Bier auf Ex mit Schlachterschürze

Das Jazzfestival in Moers wird immer mehr zum einem Drahtseilakt zwischen Musikveranstaltung und Jahrmarkt. Dennoch ist es überaus erfolgreich. Die ersten drei Tage waren ausverkauft

AUS MOERS PETER ORTMANN

Ein Schloss mitten in Moers. Vogelzwitschern und brennende Sonne. Keine Musik, aber schnieke Liegen auf der Wiese. Die Ruhezone für gestresste Jazzfestival-Besucher neben dem Theater im Schloßpark ist kurz nach dem Samstagmittag leer, Intendant Ulrich Greb wirbt für seine Samstagabend-Veranstaltung. Ein paar Schritte weiter wehen die ersten Töne durch die Bäume, werden lauter, die kreuzenden Wege füllen sich mit Menschen, die alle dem Festzelt entgegenwandern, mit klirrenden Bierkästen als Handgepäck.

Das Areal im Park gleicht einer Kirmes ohne Riesenrad. Von Jahr zu Jahr endloser reihen sich Fressbuden, Bierstände und Verkaufsstände um den kleinen See, in dem das Pfandgeld der leeren Flaschen schwimmt. Aus dem eingezäunten, bunten Zirkuszelt dröhnen kurze Fetzen eines Saxophons, etwas Schlagzeug – es ist Umbaupause. Über 100.00 Besucher hat das Festival auch in diesem Jahr wieder angezogen, viele campen die vier Tage idyllisch unter Bäumen, nicht alle haben Karten. Dann tritt die charismatische Sainkho Namtchylak auf. Sie kommt aus dem sibirischen Tuva, beherrscht den Obertongesang ihrer Heimat, der ursprünglich eine männliche Domäne war. Das Zelt füllt sich schlagartig. Ein Schlagzeug, ein Saxophon, ein Laptop und die Stimme Sainkos. Sie ist der der Star an diesem Tag.

Am Sonntag ziehen Wolken auf. Auch innerhalb des Festivals. Jazz-Master Burhardt Hennen, seit 1972 dabei, taucht beim offizellen Empfang nur kurz mit Mundschutz auf und signalisiert Ärger mit der Stadt. Keiner seiner zahlreichen Helfer war geladen worden, dafür viele, die in der Stadt Rang und Namen haben wollen.
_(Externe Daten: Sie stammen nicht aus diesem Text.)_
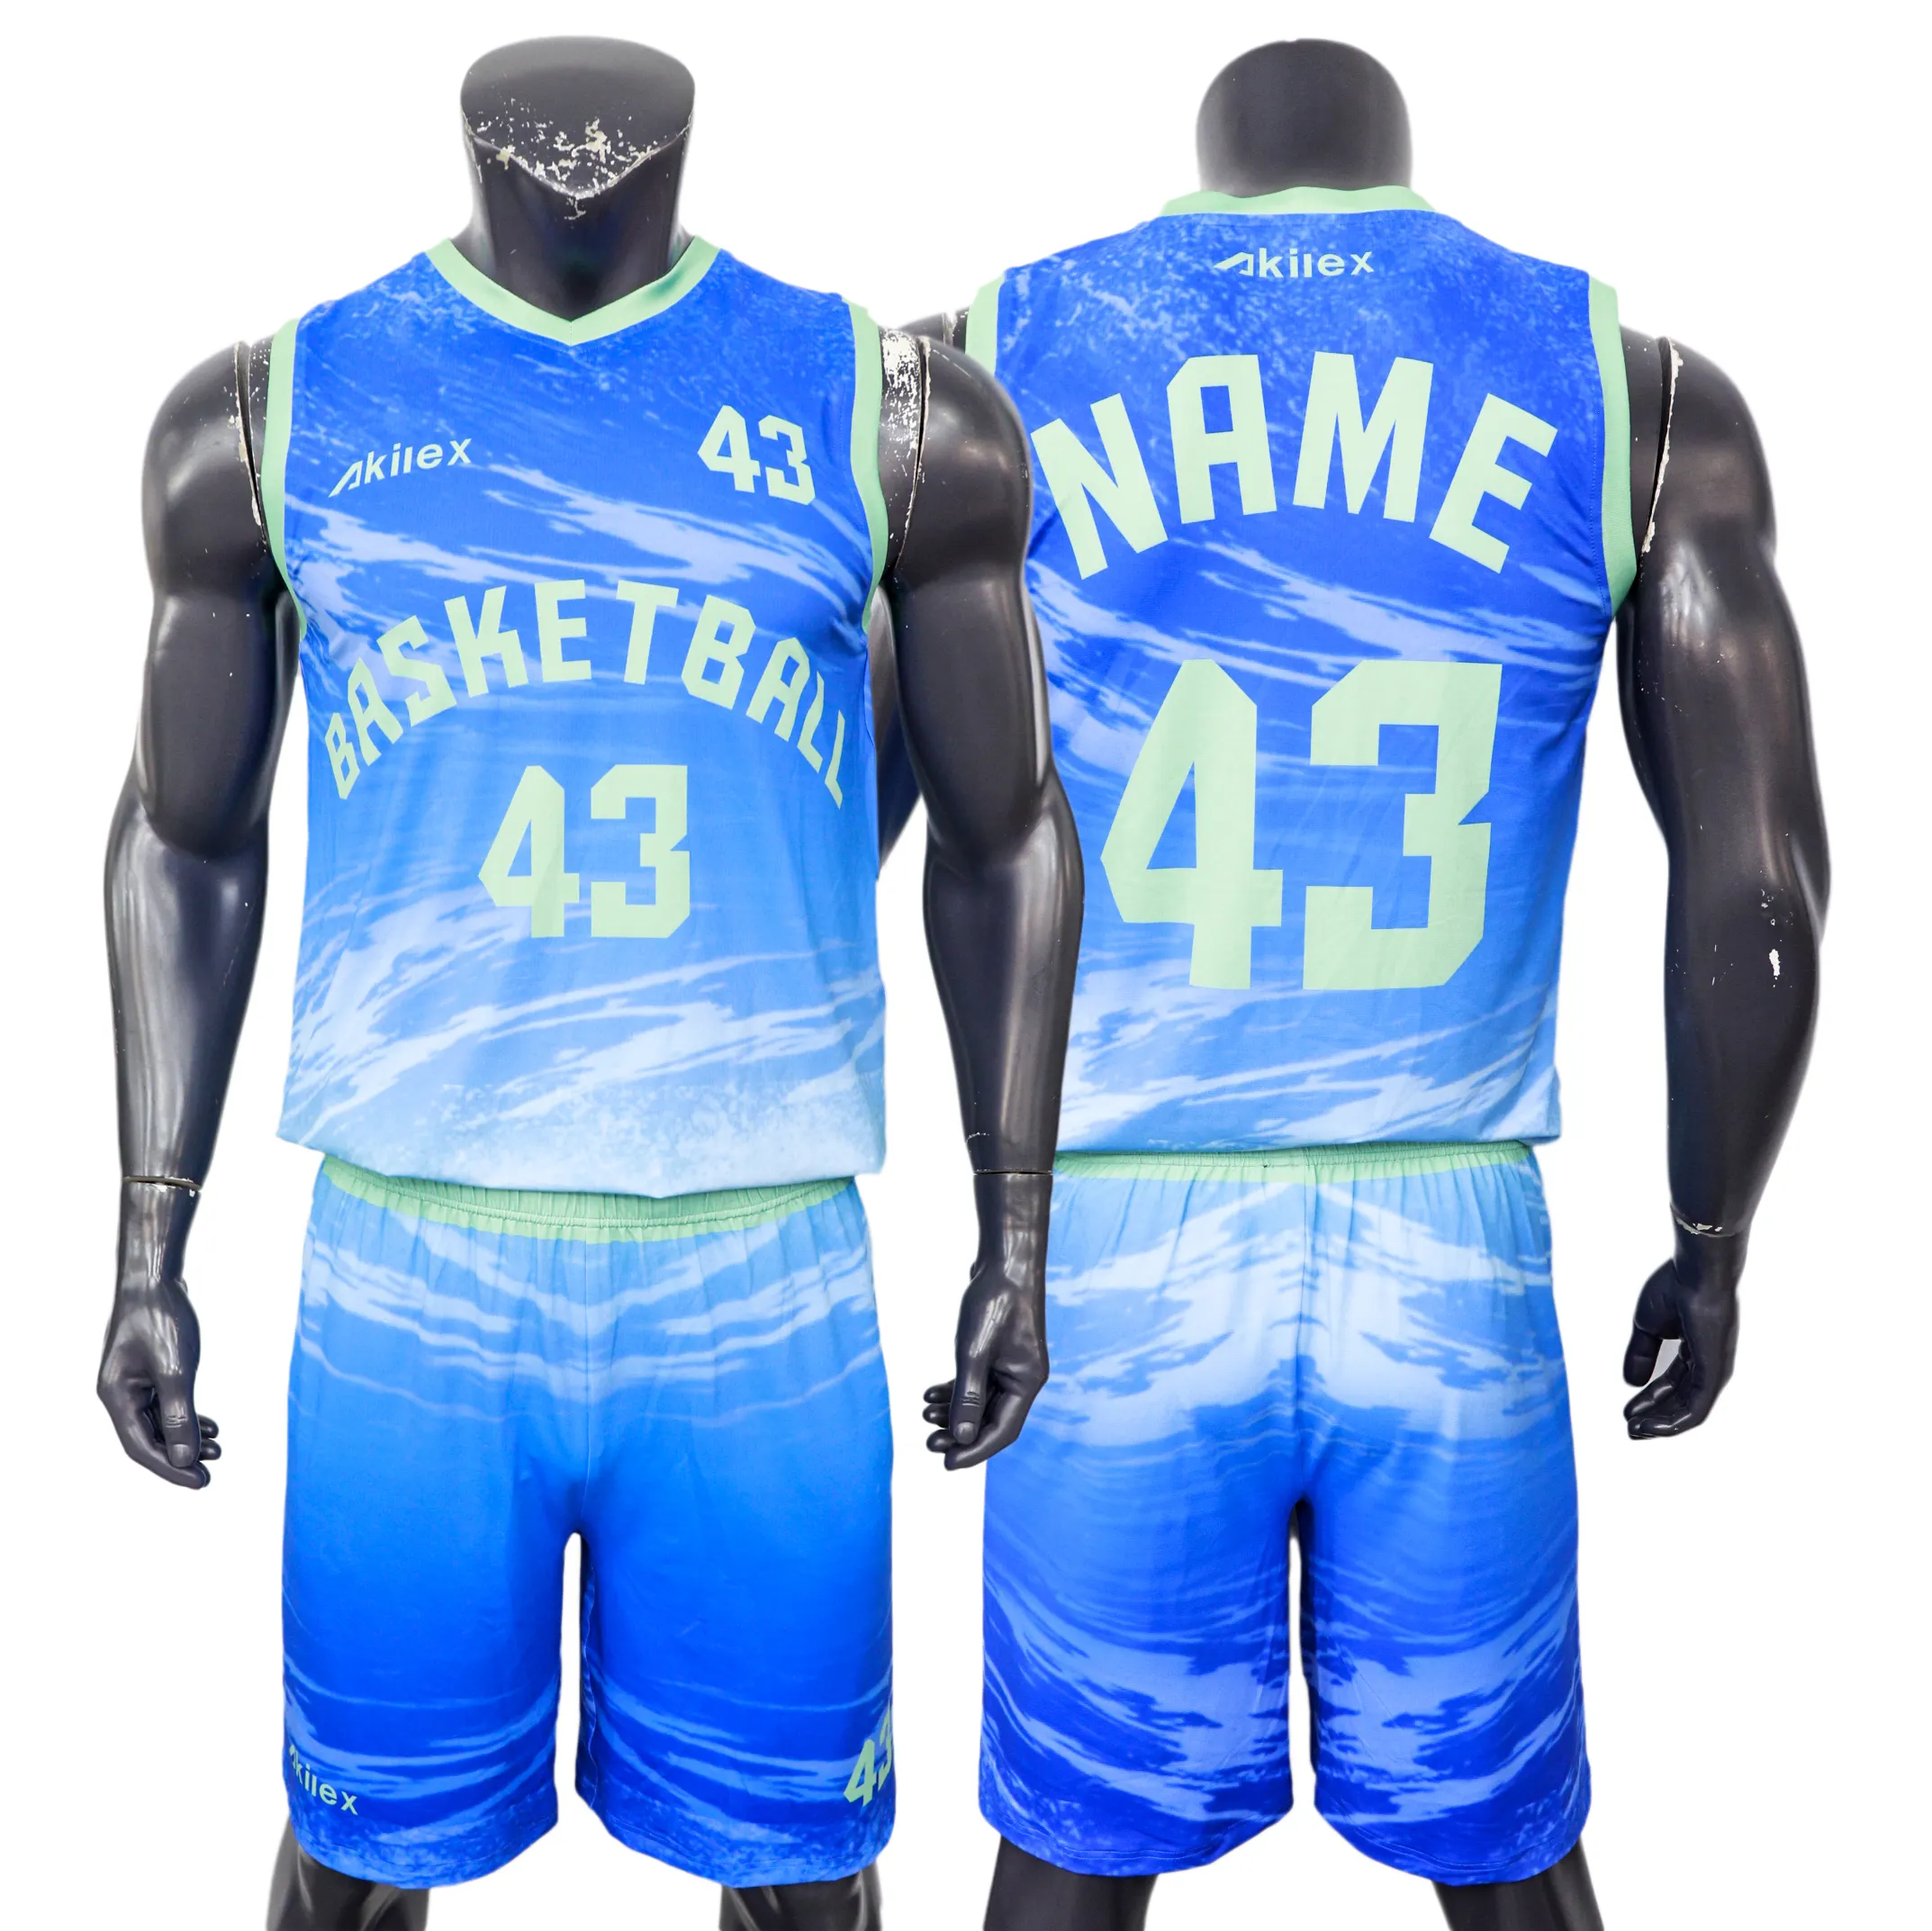 Dernier nouveau design sur mesure uniformes de joueurs de basket-ball respirants en vente de gros maillot de fitness costume de basket-ball

Auch hätten die Stadtväter verlangt, dass Hennen sprachlos bleibt, damit er keine Kritik üben könne. Mit einer Stimme Mehrheit im Rat der Stadt wurde sein Vertrag in diesem Jahr noch einmal verlängert, vielleicht zum letzten Mal. Dabei war das Jazzfestival wieder ausgesprochen erfolgreich. 26.000 Karten wurden verkauft. „Ein Zuwachs von über zehn Prozent“, sagt Hennen auch ein bisschen stolz. Die ersten drei Tage seien komplett ausverkauft gewesen. Musikalisch gesehen war Sonntag der Höhepunkt. Die gehörlose Percussionistin Evelyn Glennie bringt mit dem Gitarristen Fred Frith bereits am frühen Nachmittag das Zelt zum Beben. Ned Rothenbergs Double Band und Ragin, Kessler und Drake aus den Staaten werden anschließend begeistert gefeiert. Abends folgt dann der Knaller. Der britische 150 Kilo-Koloss David Thomas tritt mit seinem Melodeon in einer roten Schlachterschürze auf. Seine Show mit den Reflections in the Mirrorman zerreißt fast das Zelt. Nach sechs Dosenbier auf ex und zahlreichen Flachmännern wankt Thomas glücklich von der Bühne in die Nacht.

Am verregneten Montag gibt es noch eine Hommage an Frank Zappa mit Colin Town & der NDR Bigband und abends die Brotherhood of Brass mit Frank London‘s Klezmer Brass All Stars und dem Boban Markovic‘ Orkestar. Nicht wetterfeste Hippi-Marktstände sind da vielleicht schon im Rhein geschwommen.